Investment in real estate development nationwide grew rapidly last year but there still seems to be an inadequate supply of small and medium-sized apartments domestically almost two years after the 70/90 policy was introduced, an industry report has concluded.
"Statistics compiled in 40 major Chinese cities between January and December 2007 have found that approved space for pre-sale and registered sold space for apartments below 90 square meters in size both accounted for about 25 percent of the total, which means a full digestion of such products over the past 12 months,'' said the report, conducted annually by the China Real Estate Association and released yesterday on the Website of Shanghai Real Estate Association.
In May 2006, the Ministry of Construction announced that the combined GFA (gross floor area) of all residential units below 90 square meters should account for more than 70 percent of the total GFA of a project. The policy, applied to residential developments that were given approval to commence work after June 1, 2006, was designed to raise the supply of small and medium-sized homes and discourage the building of luxury houses.

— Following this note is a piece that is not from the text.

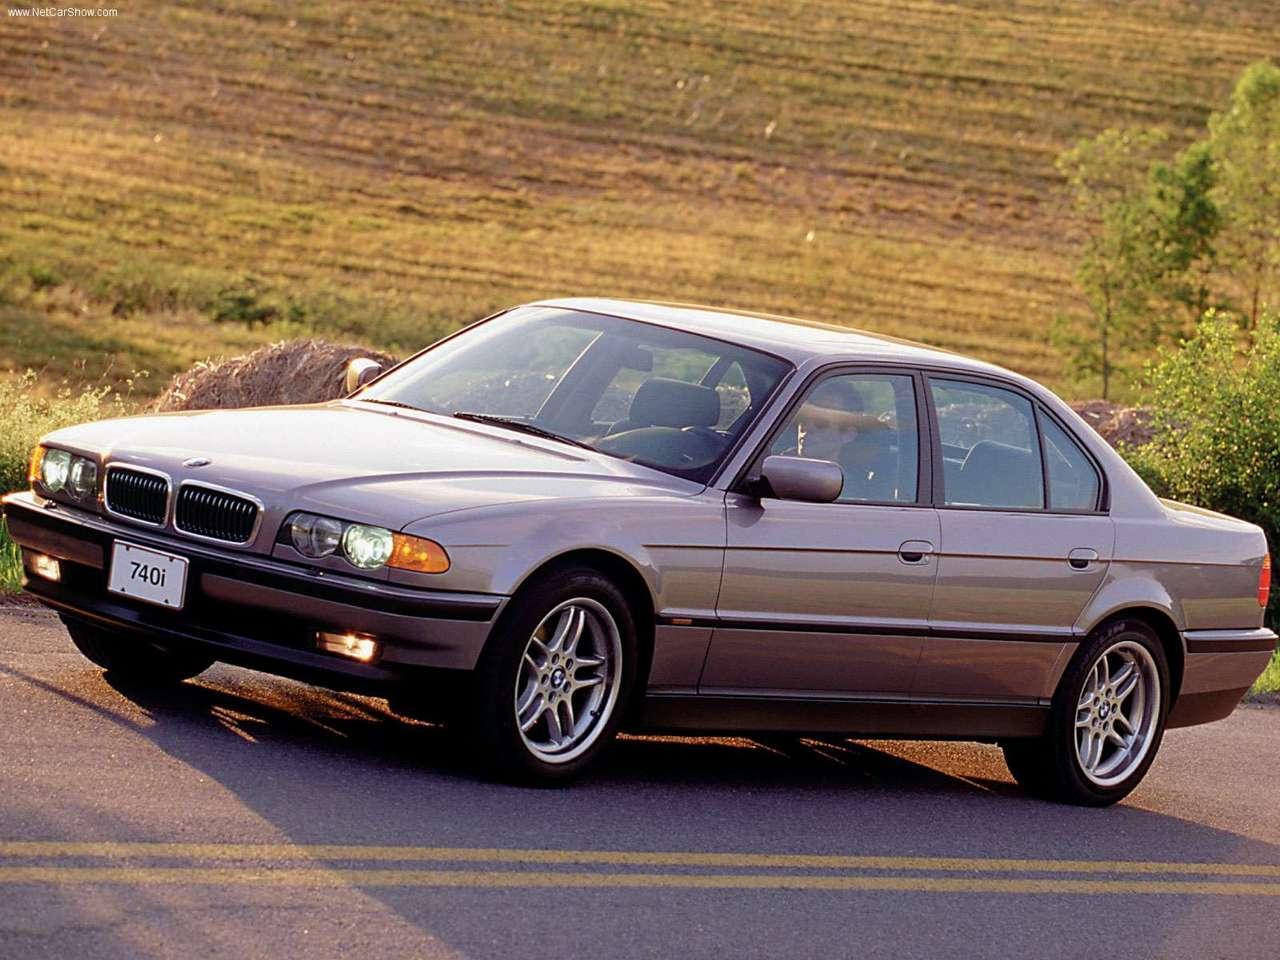 BMW-uri ce merita cumparate - BMW-uri ce merita cumparate

As housing prices soared over the past few years in the country, domestic demand for small and medium-sized apartments remained robust.
A survey conducted at the end of last year by China Index Academy, a national real estate research organization, has found that more than 40 percent of people in Shanghai, Beijing, Wuhan and Shenzhen preferred to buy apartments smaller than 90 square meters while another 35 percent said they would like to purchase residential units between 90 and 100 square meters.